Sejanus had in fact formed the daring project of destroying Tiberius and his family, and seizing the supreme power. As besides Tiberius and Drusus, who had two sons, there were a brother and three sons of Germanicus living, he resolved, as the safer course, to remove them gradually by art and treachery. He began with Drusus, against whom he had a personal spite, as that violent youth had one time publicly given him a blow in the face. In order to effect his purpose, he seduced his wife Livia or Livilla, the sister of Germanicus; and then, by holding out to her the prospect of a share in the imperial power, he induced her to engage in the plan for the murder of her husband. Her physician Eudemus was also taken into the plot, but it was some time before the associates could finally determine what mode to adopt. At length a slow poison was fixed on, which was administered to Drusus by a eunuch named Lygdus, and he died apparently of disease (23). Tiberius, who while his son was lying dead, had entered the senate house and addressed the members with his usual composure, pronounced the funeral oration himself, and then turned to business for consolation.
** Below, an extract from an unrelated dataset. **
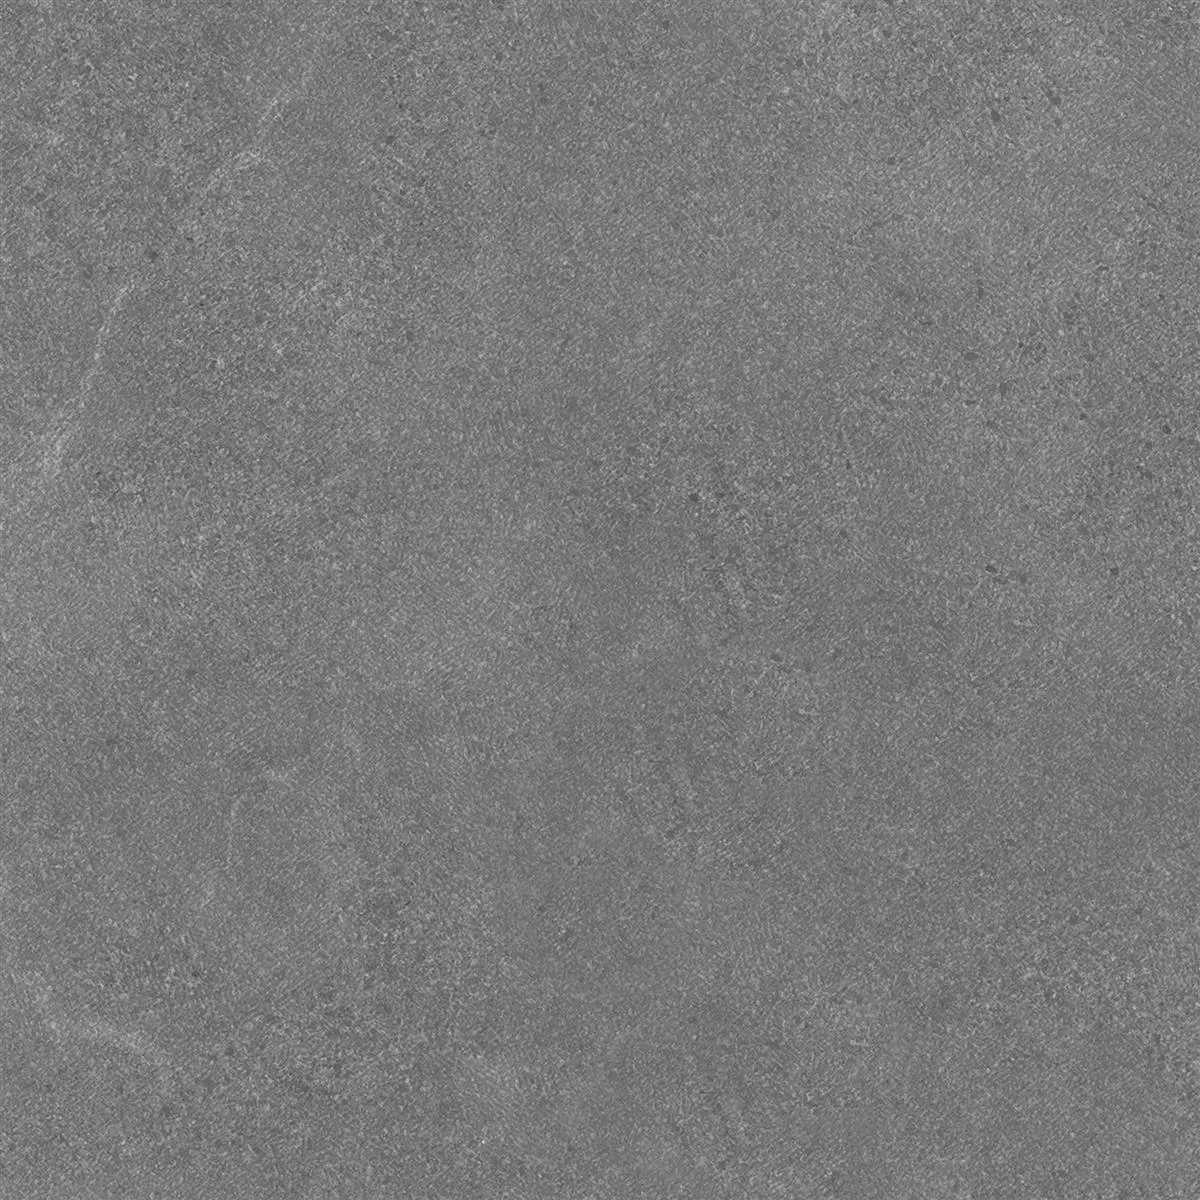 Πρότυπο Πλακάκια Δαπέδου Galilea Άγυαλο R10B Ανθρακίτης 60x60cm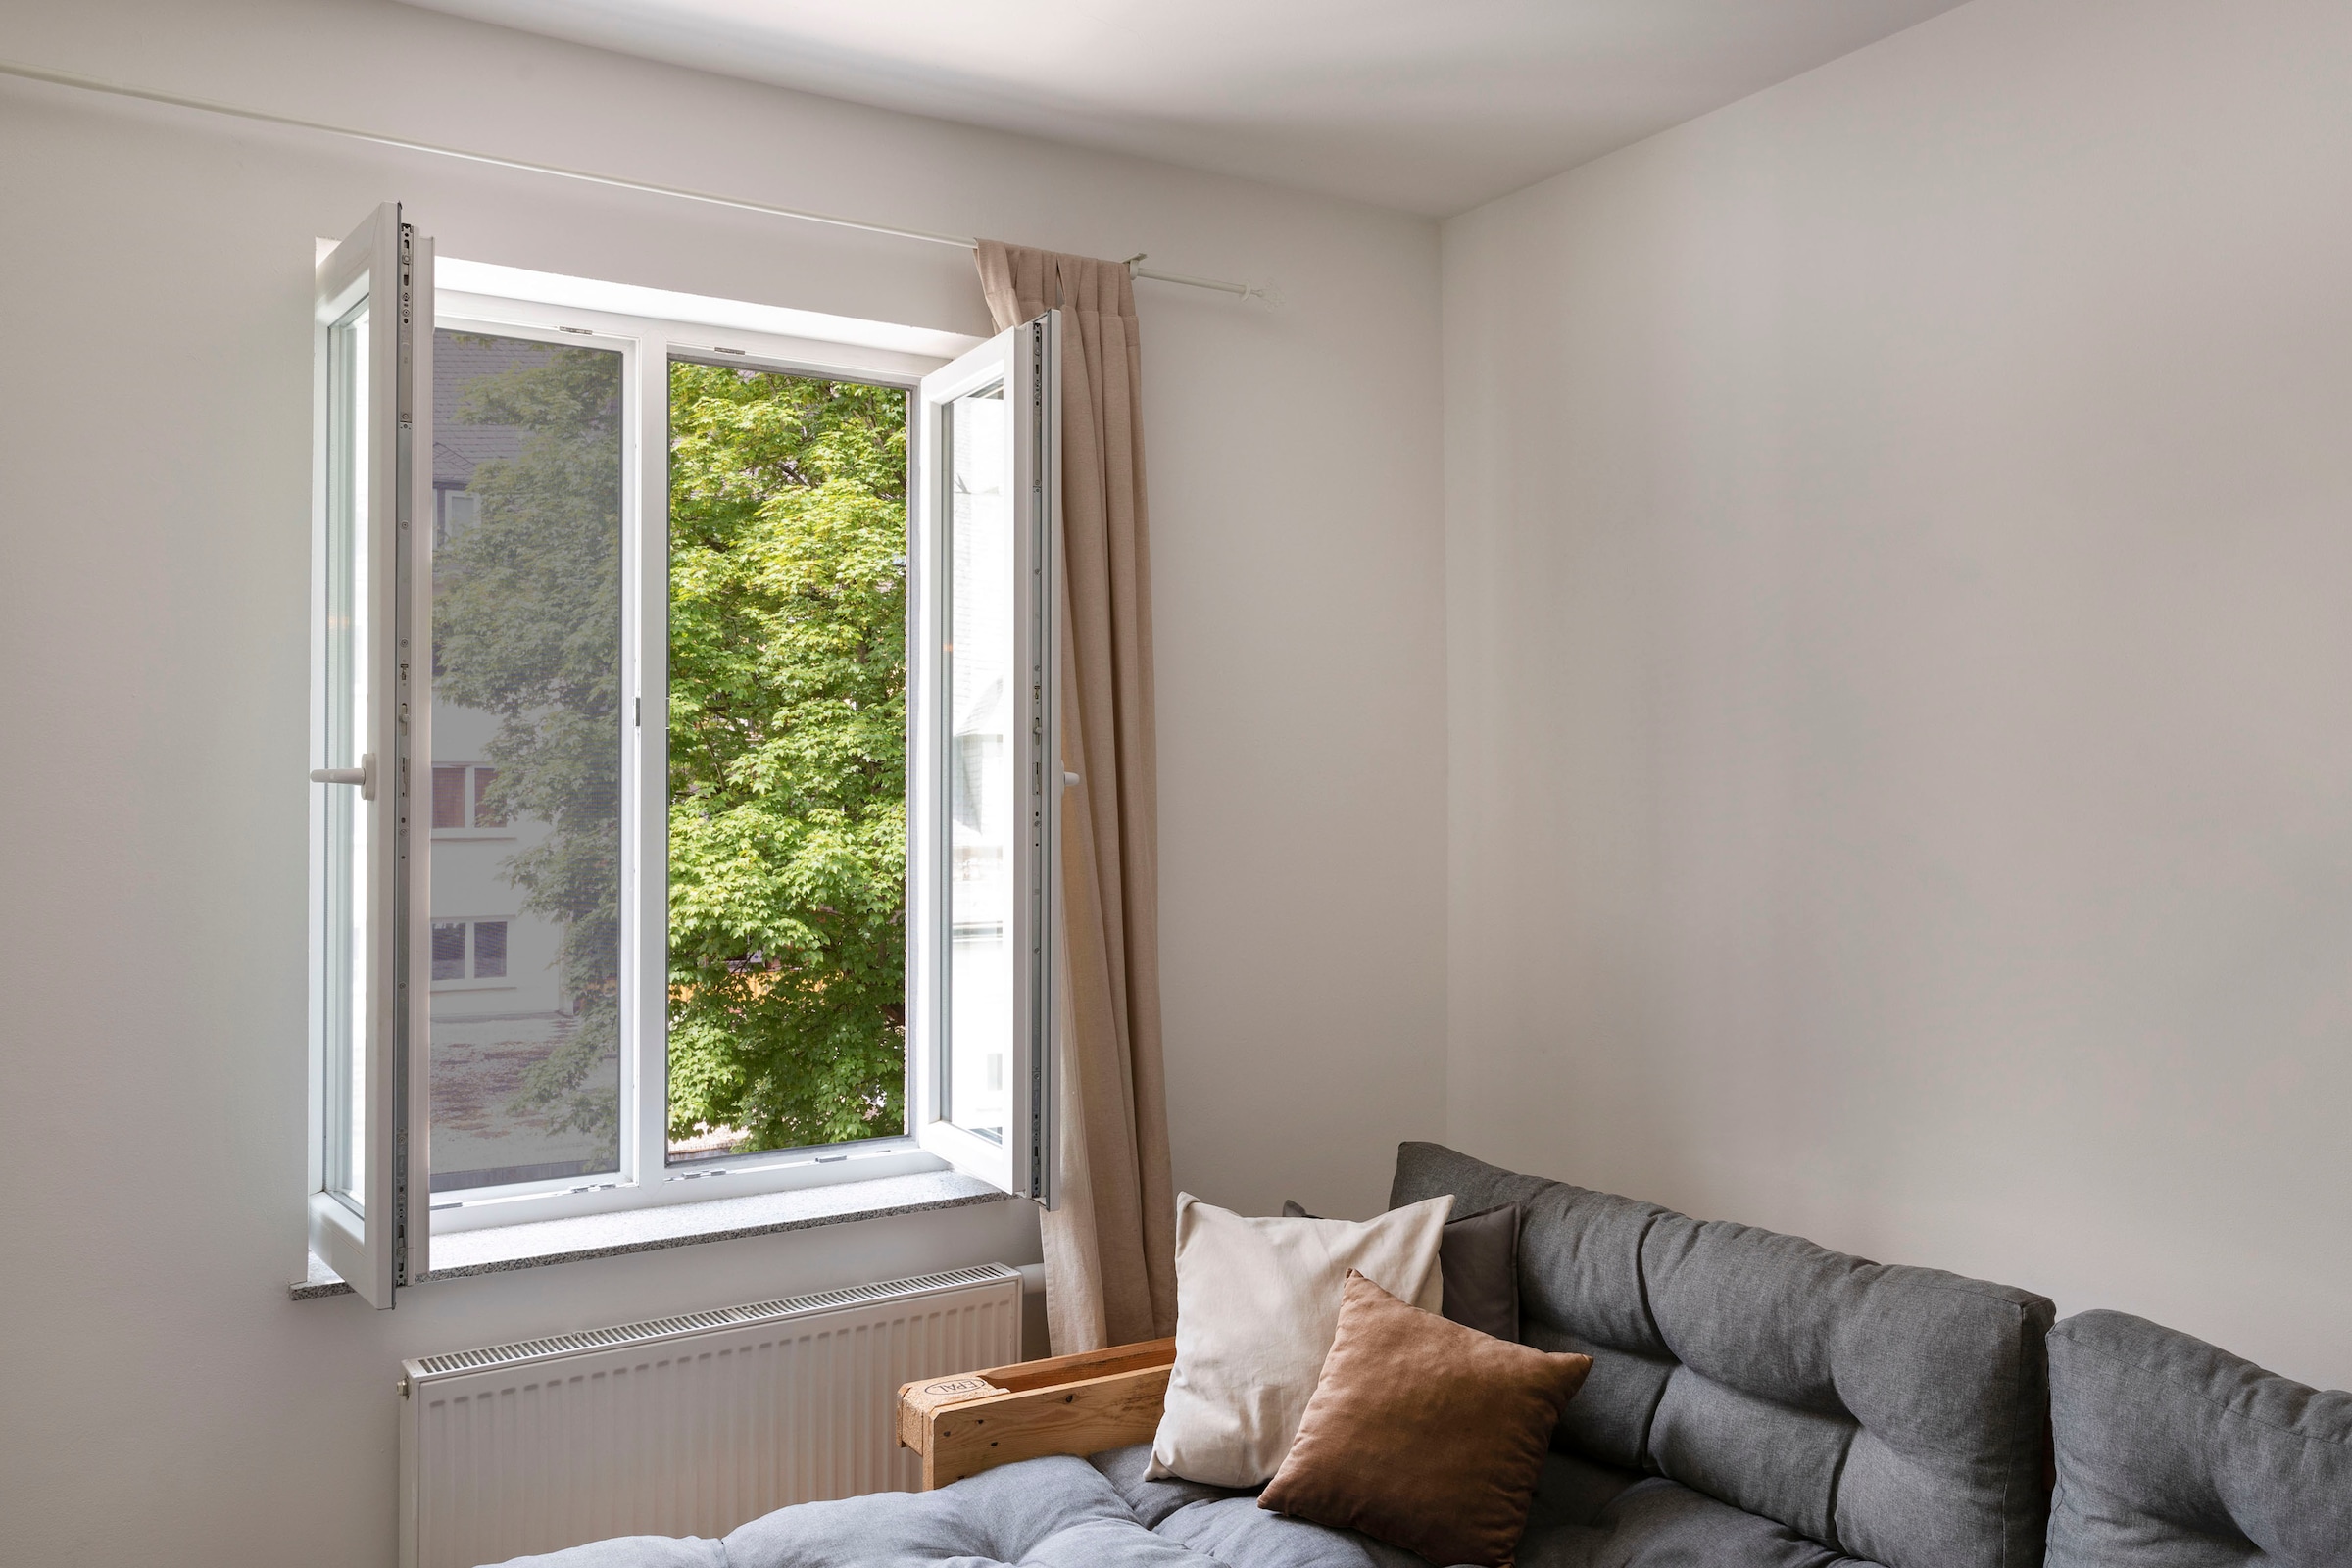 SCHELLENBERG Fliegengitter-Gewebe »50715«, mit Klettband, für Fenster, ohne bohren, 130x150 cm, anthrazit

So far all had succeeded with Sejanus, and death carried off the younger son of Drusus soon after his father; but Nero and Drusus, the two elder sons of Germanicus, were now growing up, and the chastity of their mother and the fidelity of those about them put poison out of the question. He therefore adopted another course; and taking advantage of the high spirit of Agrippina, and working on the jealousy of her which Augusta was known to entertain, he managed so that both she and Livia should labour to prejudice Tiberius against Agrippina by talking of the pride which she took in her progeny, and the ambitious designs which she entertained. At the same time he induced some of those about her to stimulate her haughty spirit by their treacherous language. He further proposed to deprive her of support by destroying those persons of influence who were attached to her family, or the memory of her husband. With this view he selected for his first victims C. Silius and Titius Sabinus, the friends of Germanicus, and Silius’ wife, Sosia Galla, to whom Agrippina was strongly attached, and who was therefore an object of dislike to Tiberius. Omitting however Sabinus for the present, he caused the consul Visellius Varro to accuse Silius of treason for having dissembled his knowledge of the designs of Sacrovir, having disgraced his victory by his avarice, and countenanced the acts of his wife. Having vainly asked for a delay till his accuser should go out of office, and seeing that Tiberius was determinedly hostile to him, Silius avoided a condemnation by a voluntary death. His wife was banished; a portion of his property was confiscated, but the remainder was left to his children.